• EXERCISE OBJECTIVE:
Without the images, repeat every line of the listing verbatim.

• DATA EXTRACT:

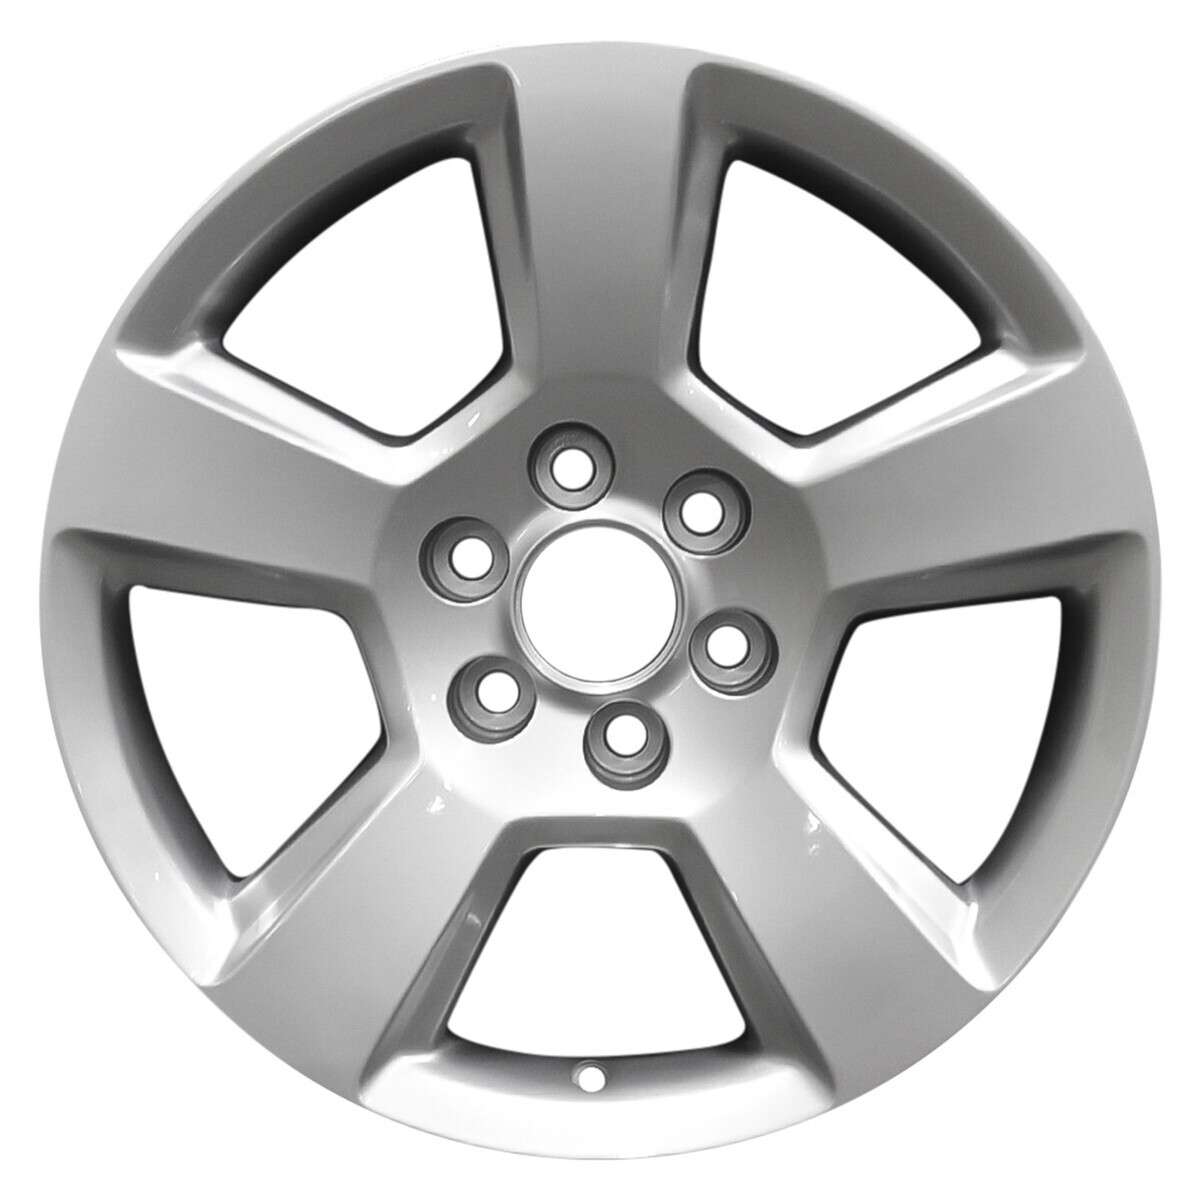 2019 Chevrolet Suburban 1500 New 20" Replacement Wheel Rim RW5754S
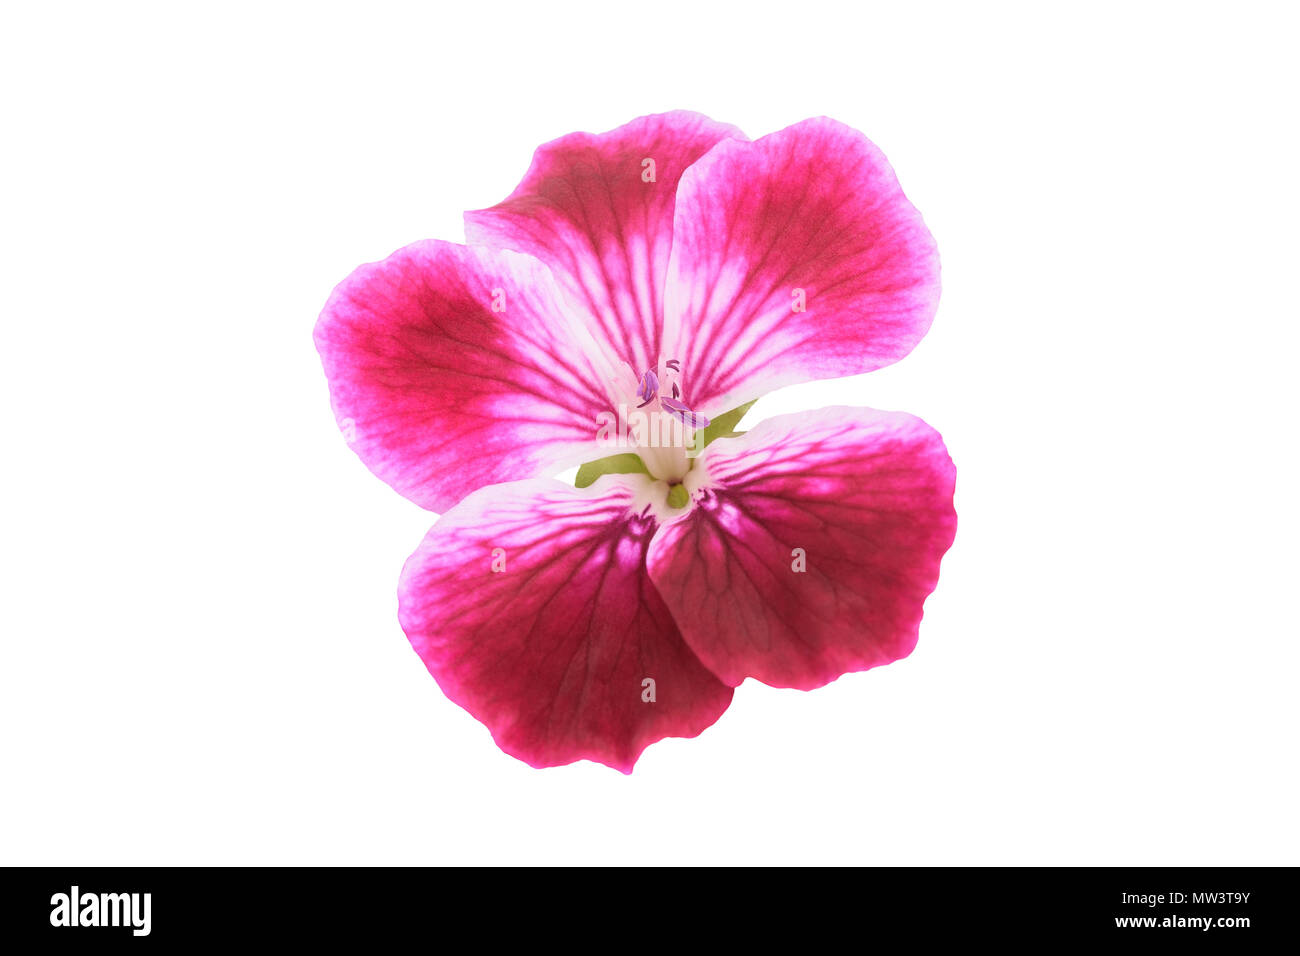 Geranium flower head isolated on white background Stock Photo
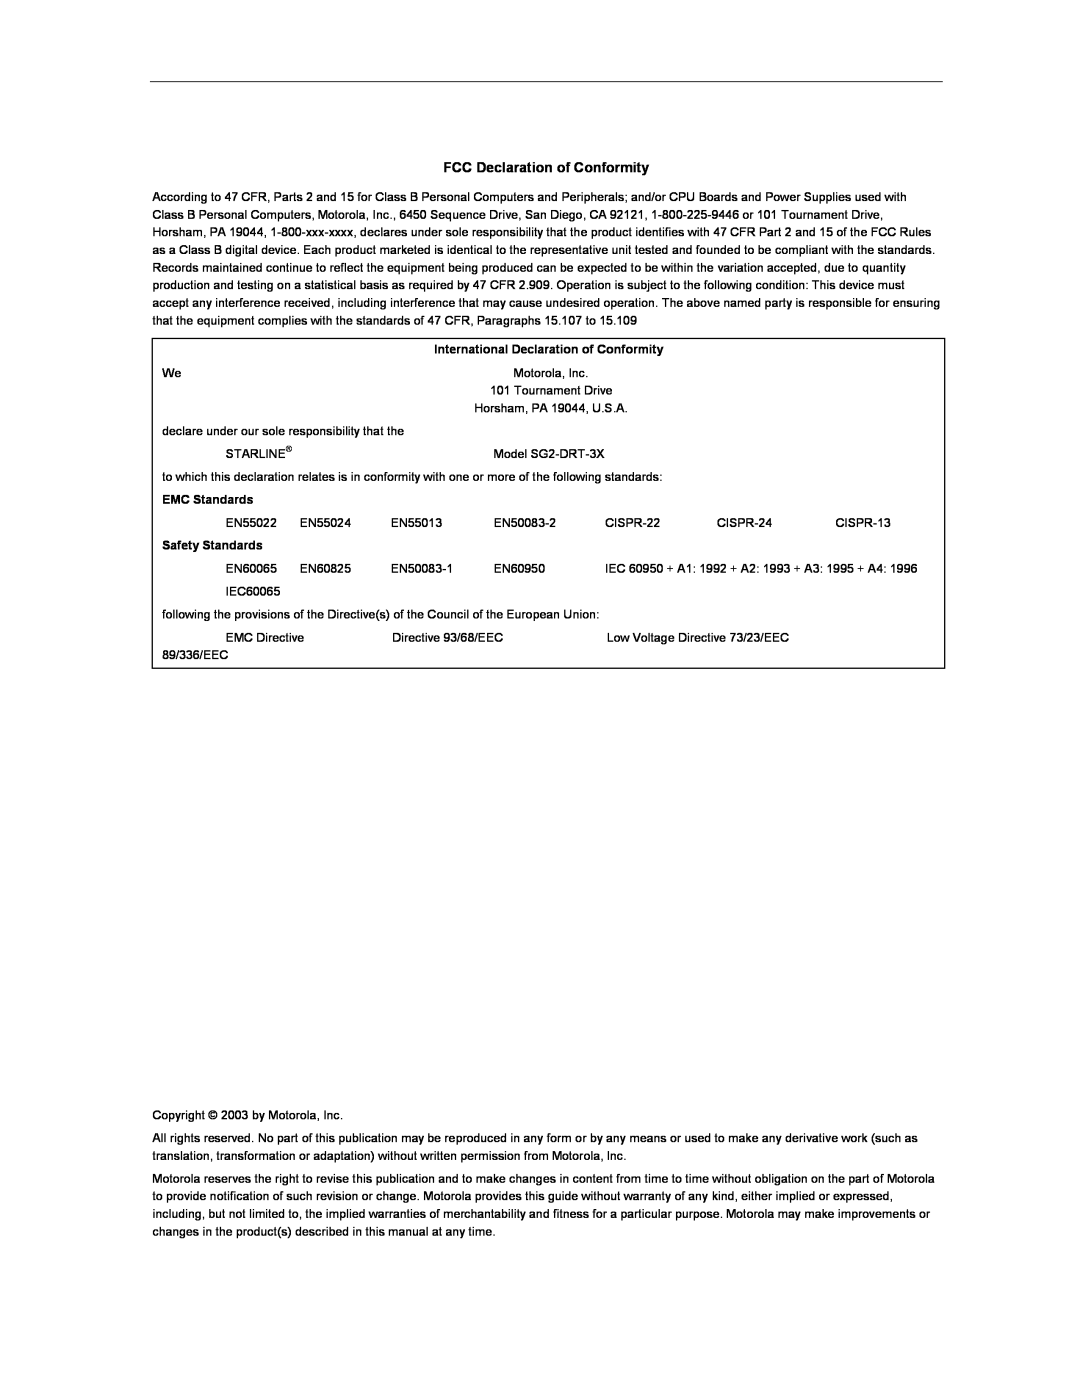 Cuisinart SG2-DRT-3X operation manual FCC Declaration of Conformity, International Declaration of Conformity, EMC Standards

• PROBLEM SOLUTION:
 2019 Chevrolet Suburban 1500 New 20" Replacement Wheel Rim RW5754S
 Geranium flower head isolated on white background Stock Photo
 Cuisinart SG2-DRT-3X operation manual FCC Declaration of Conformity, International Declaration of Conformity, EMC Standards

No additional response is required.